So what happens if you decide to buy a new car, but have some time left to run on your existing car insurance policy? Do you have to cancel that insurance and take out a brand new policy, or can car insurance be transferred? Keep reading to find out more.

How do I transfer it?

Don’t delay 

The most important thing to do is make sure that you will be covered from the moment you take ownership of the new car. Driving without insurance is illegal, and anyone who does so is risking points on their licence, a fine and even confiscation of their car. In cases that go to court, you could even lose your licence. Bear in mind that your new car is not automatically covered by the policy in place for your old car.

Will there be a charge?

Your insurer will almost certainly charge you an amendment fee to change cover over to a different vehicle. If there is any price difference for the new car policy, this will also be added.

What if I’m buying a second car?

If you’re adding another car to your household and you will be the main driver, then it may be cost effective to take out a multi-car policy. Some insurers offer this option, and if yours does, it could secure you a good discount on the second policy. This applies if you’re buying an additional car, rather than replacing one.

What to watch out for

Price difference

It may be worth finding out the difference in price to insure your new car before you even buy it. If the car belongs to a higher insurance group, you will be paying more for the premium. This is on top of any admin or amendment fees.

Compare transfer vs. new policy

It may, in some cases, prove cheaper to cancel the old policy and take out a new one. This all depends on the cancellation and amendment fees, as well as the premium. Work out what you’d be paying each way before making a decision.

Cover that first journey

Make sure you cover the new car from the moment you first drive it, or even park it on a public road. You don’t want to have a mishap on the way home in your brand new car, only to discover that you’re not covered by insurance.

If you haven’t yet sold the old car

Don’t forget that if you buy a new car before you sell or trade in your old one, you will need insurance to cover both cars. The only exception to this rule is if your car is declared to the DVLA in a SORN (Statutory Off Road Notification). If this applies, you must not drive the car or even keep it on a public highway.

If your new car comes with free insurance

If a year’s free insurance is offered as part of the deal when you buy your new car, you may not need to transfer your policy. In this case, it’s best to check how much you can expect to get refunded if you cancel your current policy, as well as how long this policy has left on it. If it seems worth keeping your current insurance, you could try asking the dealer for a discount instead of the free cover.

Other related FAQs

Looking for more related content to this? We’ve picked a selection of related topics that you may find helpful

Unfortunately, making any kind of insurance claim will often increase your renewal premium – even if the accident wasn’t your fault.

If you make a claim on your car insurance, then yes, the cost of renewing your insurance will go up, unless some other significant factor works in your favour to bring it down.

You can be insured to drive a car on a policy in someone else’s name.
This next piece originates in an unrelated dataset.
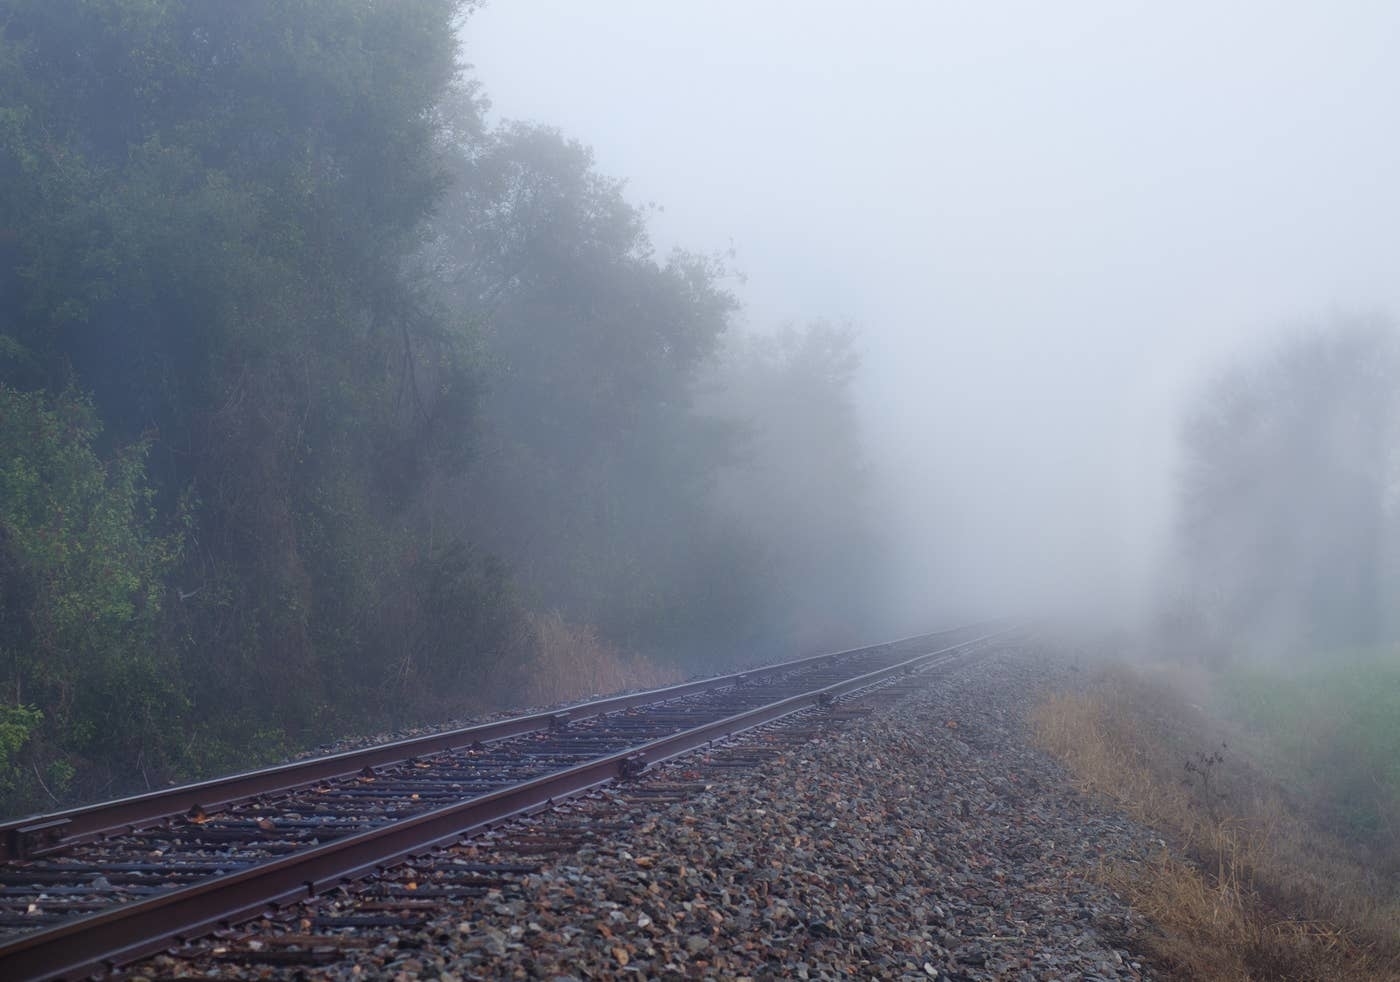 Railway goes into a fog ahead.

This can be done by being a named driver on someone else's policy either permanently or for a short period.

Put simply, the reason why car insurance is high is because the cost of claims is high. As a result, insurers increase premiums to protect themselves and make a profit.

A no claims bonus is a discount that’s applied after your insurance premium is calculated by a car insurance provider. The discount doesn’t stop your premium from going up; instead, it simply gives you a percentage off your premium – and that discount grows with every claim-free motoring year you have.

Unfortunately, it’s impossible to accurately calculate how much your car insurance is going to cost without getting a range of quotes. As well as looking at national driving statistics, insurers will seek a huge amount of information about you and your vehicle before deciding on a personalised price.

Car insurance is usually calculated based on the likelihood of you making a claim in the future. A range of factors are taken into consideration too, such as age, occupation, your driving history and the details of your vehicle.

If you’ve had an accident of any kind, you’ll need to report it to your insurer soon afterwards. When you do, they’ll seek a detailed explanation of what’s happened and assess the damage done to your car. When they have a clear understanding of what’s occurred – and assuming you have fully comprehensive cover, they’ll arrange to repair your vehicle – or pay its market value if it’s written off.

There are a number of reasons why car insurance quotes can change, such as if you’ve recently changed your address, or for reasons out of your control, like government tax increases.

Car insurance can go up for a number of reasons – especially if you’ve had an accident or received a fixed penalty in the last year. If you haven’t, you might find you’re just getting a poor deal when your deal automatically renews – so don’t be afraid to shop around until you’ve got a better price.